Senin, 14 Oktober 2024

Tokoh Pejuang Mempertahankan Integrasi Bangsa - Sri Sultan Hamengku Buwono IX

Sri Sultan Hamengku Buwono IX memiliki nama asli Bendoro Raden Mas Dorodjatun. Beliau lahir di Yogyakarta pada tahun 1912 dan merupakan putra sulung Sri Sultan Hamengku Buwono VIII. Sejak muda, Sri Sultan Hamengku Buwono IX telah mengecap pendidikan Belanda. Setelah lulus dari Hogere Burger School (HBS), ia melanjutkan kuliahnya ke Belanda di Rijksuniversiteit Leiden dengan mengambil dua jurusan sekaligus, yaitu ekoonomi dan indologie (keilmuan tentang Indonesia). Ketika Perang Dunia II meletus, Sri Sultan kembali ke tanah air, dan kemudian dilantik sebagai sultan menggantikan ayahnya.

Walaupun pendidikan Belanda sangat lekat dengan dirinya, hal tersebut tidak memengaruhi perilaku kesehariannya. Dalam sikap politiknya, ia sangat menentang Belanda dan ketidaksetujuannya dengan penjajah terus berlanjut ketika Jepang berkuasa di Indonesia. Pascakemerdekaan Indonesia, ia terus aktif di dunia politik dan pernah menjabat sebagai menteri negara pada masa Kabinet Syahrir III, Amir Syarifuddin I, dan Kabinet Hatta I. Pada 25 Maret 1973, ia diangkat sebagai wakil presiden kedua pada masa Orde Baru.

Nasionalisme sultan tidak diragukan lagi dan telah ditunjukkan sejak awal pemerintahan RI. Ketika negara baru ini dibentuk, tanpa ragu ia menyatakan secara resmi bahwa Yogyakarta berada dalam wilayah NKRI. Hal ini menunjukkan sikap prointegrasi, meskipun sebagai raja ia dapat saja mempertahankan pemerintahannya sendiri di Yogyakarta.

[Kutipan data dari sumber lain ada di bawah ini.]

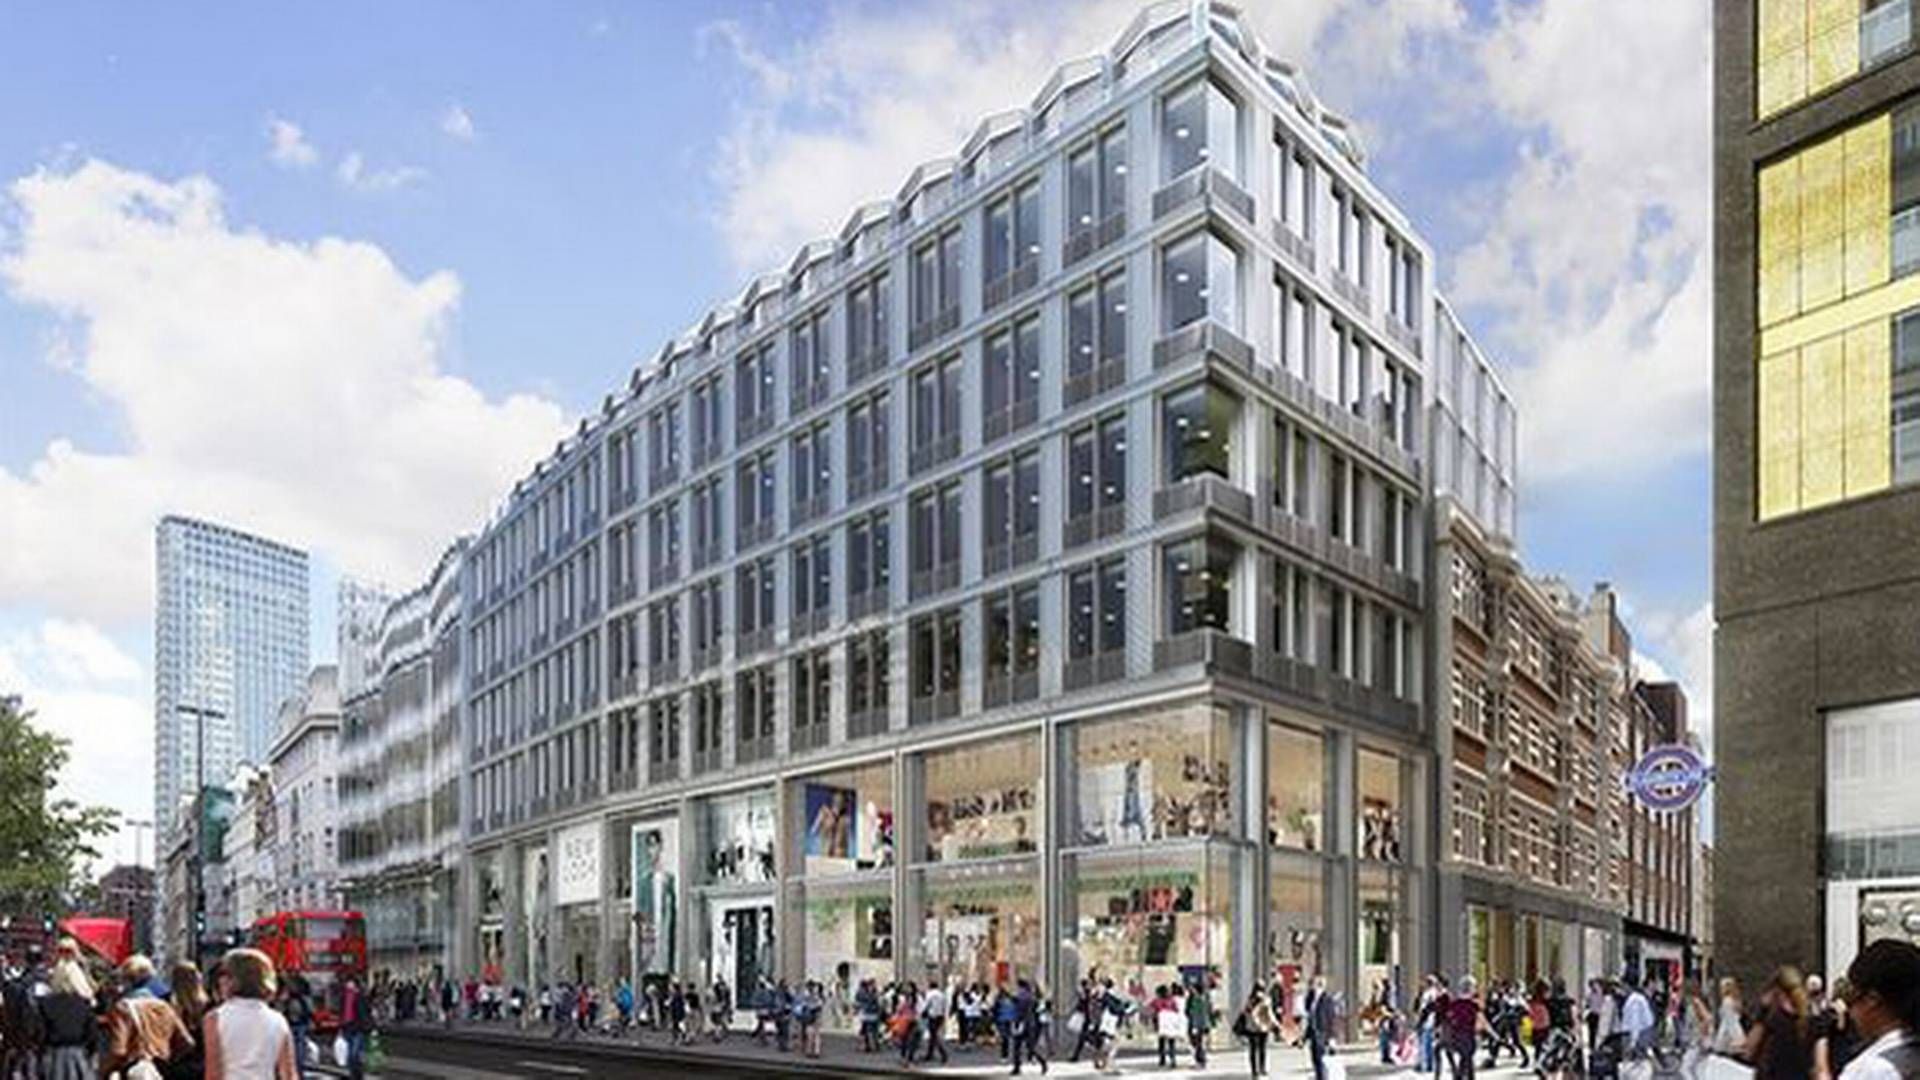 73-89, Oxford Street in London is one of the real estate investments made by Norway's oil fund. | Photo: PR

Hamengku Buwono IX dikenal juga sebagai Bapak Pramuka Indonesia, penghargaan yang diterimanya dari Boy Scout od America. Lencana Tunas Kencana Pramuka Indonesia menunjukkan perhatiannya terhadap pembinaan generasi muda. Menurutnya, kegiatan kepemudaan harus mendapat perhatian serius dari pemerintah. Di tangan pemudalah semangat nasionalisme atau kebangsaan dan semangat cinta tanah air akan diwariskan untuk terus dipertahankan.

Peran penting Hamengku Buwono IX lainnya adalah ketika Jakarta sebagai pusat pemerintahan Indonesia dapat dikuasai Sekutu. Oleh karena itu, pada 4 Januari 1956, pusat pemerintahan dialihkan ke Yogyakarta. Soekarno dan Hatta serta yang lainnya beserta keluarganya juga pindah ke Yogyakarta.

Sultan Hamengku Buwono IX juga memiliki peran besar dalam peristiwa Serangan Umum 1 Maret 1946, ketika Belanda berhasil menguasai Yogyakarta selama 6 jam. Serangan tersebut dimaksudkan untuk memberikan peringatan kepada Belanda dan dunia interansional bahwa perjuangan rakyat Indonesia masih terus berlanjut.